Temis the Vorta wrote:
And even if CBS ascribes to the glut theory of Star Trek (has anyone ever officially said they believe that?), the glut has long since dissapated away. It's more of a starvation situation now.
What rock are you living under? I have access to seven-hundred hours of Trek at my fingertips.
If there is a new live-action Trek, my money is that it'll be on CBS. Trek has proven time and again that a wide range of age groups watch it. Why eliminate potential viewers by turning Trek into something it's not?
I'm living under the I-want-to-watch-something-NEW rock that I've always live under.
I do have TOS and DS9 queued up on Netflix streaming right now, as well as Lost
. But I can't motivate myself to watch any of them yet, because I have an extremely strong preference for new stuff and only rarely will rewarch anything I've already seen. After the first time, 90% of the fun is gone.
Shows are not made for "all age groups." They are made for the groups that ads are sold for, usually the 18-49 demo. The trend in TV is to be even more targetted, and networks will always prefer to program for their own audience, since they are by far the easiest to market new shows to.

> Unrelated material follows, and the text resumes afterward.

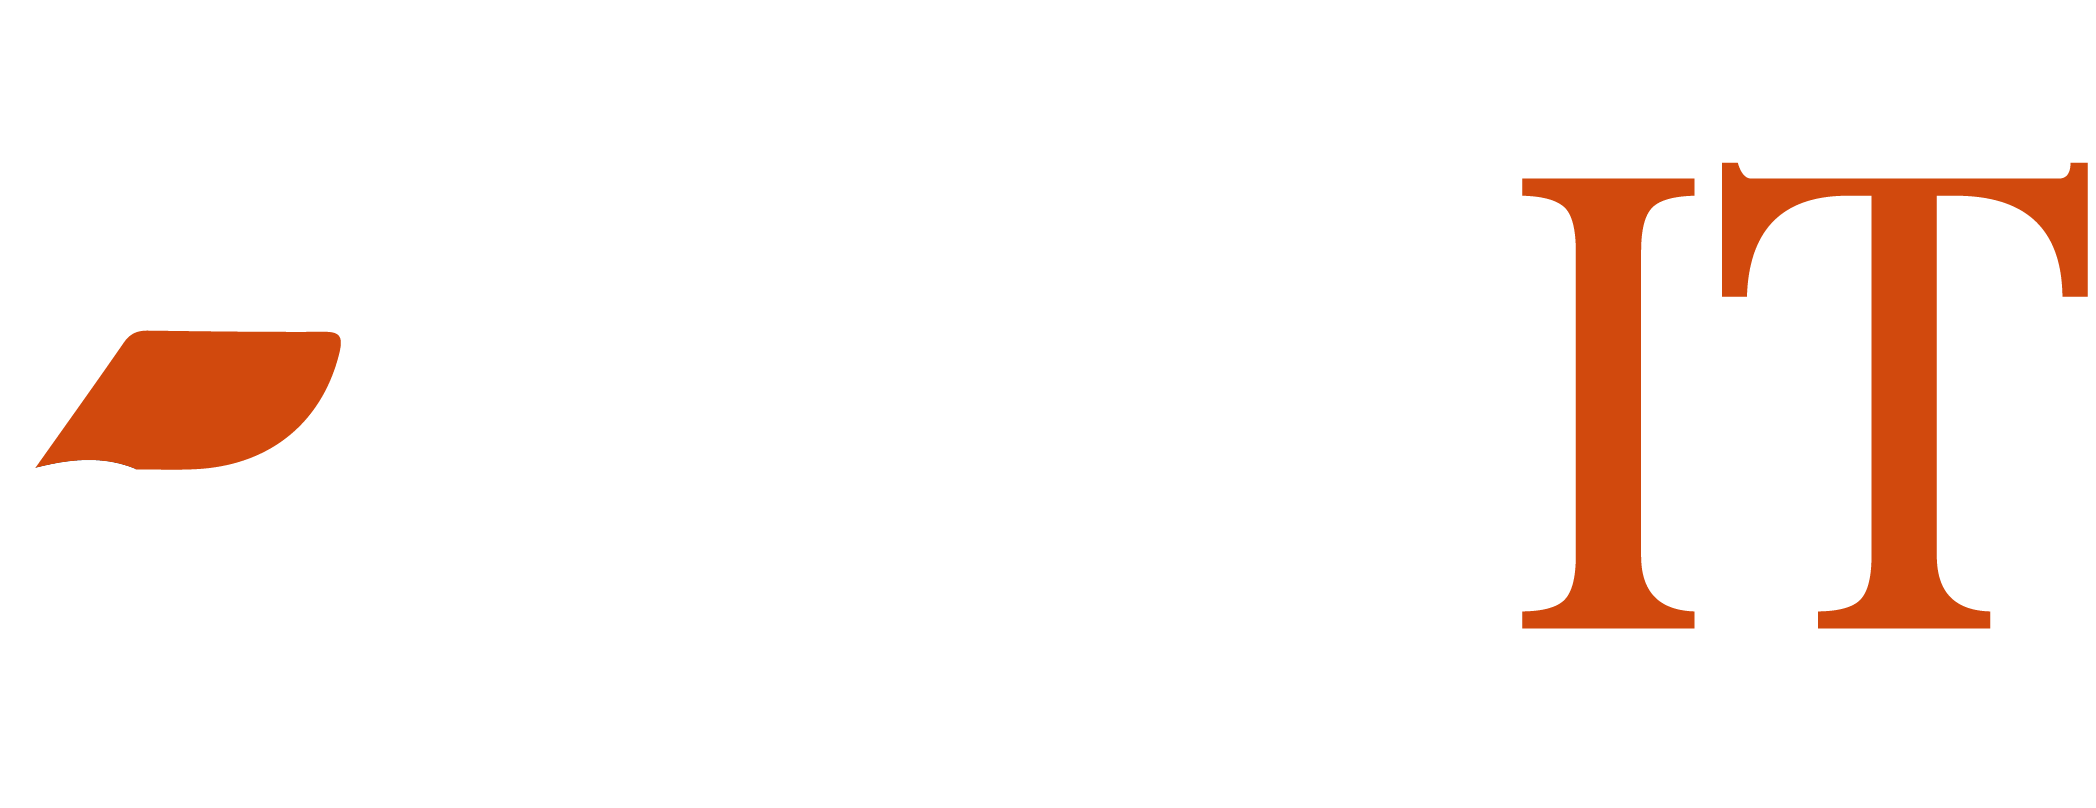 folksit-footer-logo.png

CBS doesn't make anything close to a full range of show types. Look at what the other networks are developing and compare it to CBS. CBS has the most boring-ass development of any network, nothing but cop shows and sitcoms. NBC may fall on its face all the time, but at least its willing to branch out occasionally with something like Smash
. Even Revolution
would be too out there for CBS.
Add to that the much higher standards CBS has for success. Any show that gets much under 10m audience is a failure on CBS, but a hit on NBC. With ENT getting 3-4m or so, even if it were 3x as popular, it would still be skating on thin ice on CBS. What is the point of reviving the franchise just to put it someplace where it probably can't survive regardless of how good it is?
The last thing we need is another failure on TV. I want a new show to be given the most favorable environment possible. CBS is poison. But 3-4m on cable could be a perfectly comfortable level of success. Netflix's expectations are hard to judge since they've just started doing original content but it's probably similar to other subscription based services.
If NBC or FOX held the rights to Star Trek
, I'd leave open some hope of a return to broadcast. NBC is desperate for anything and FOX has a young male demo skew that is right for the franchise. But CBS couldn't be more wrong.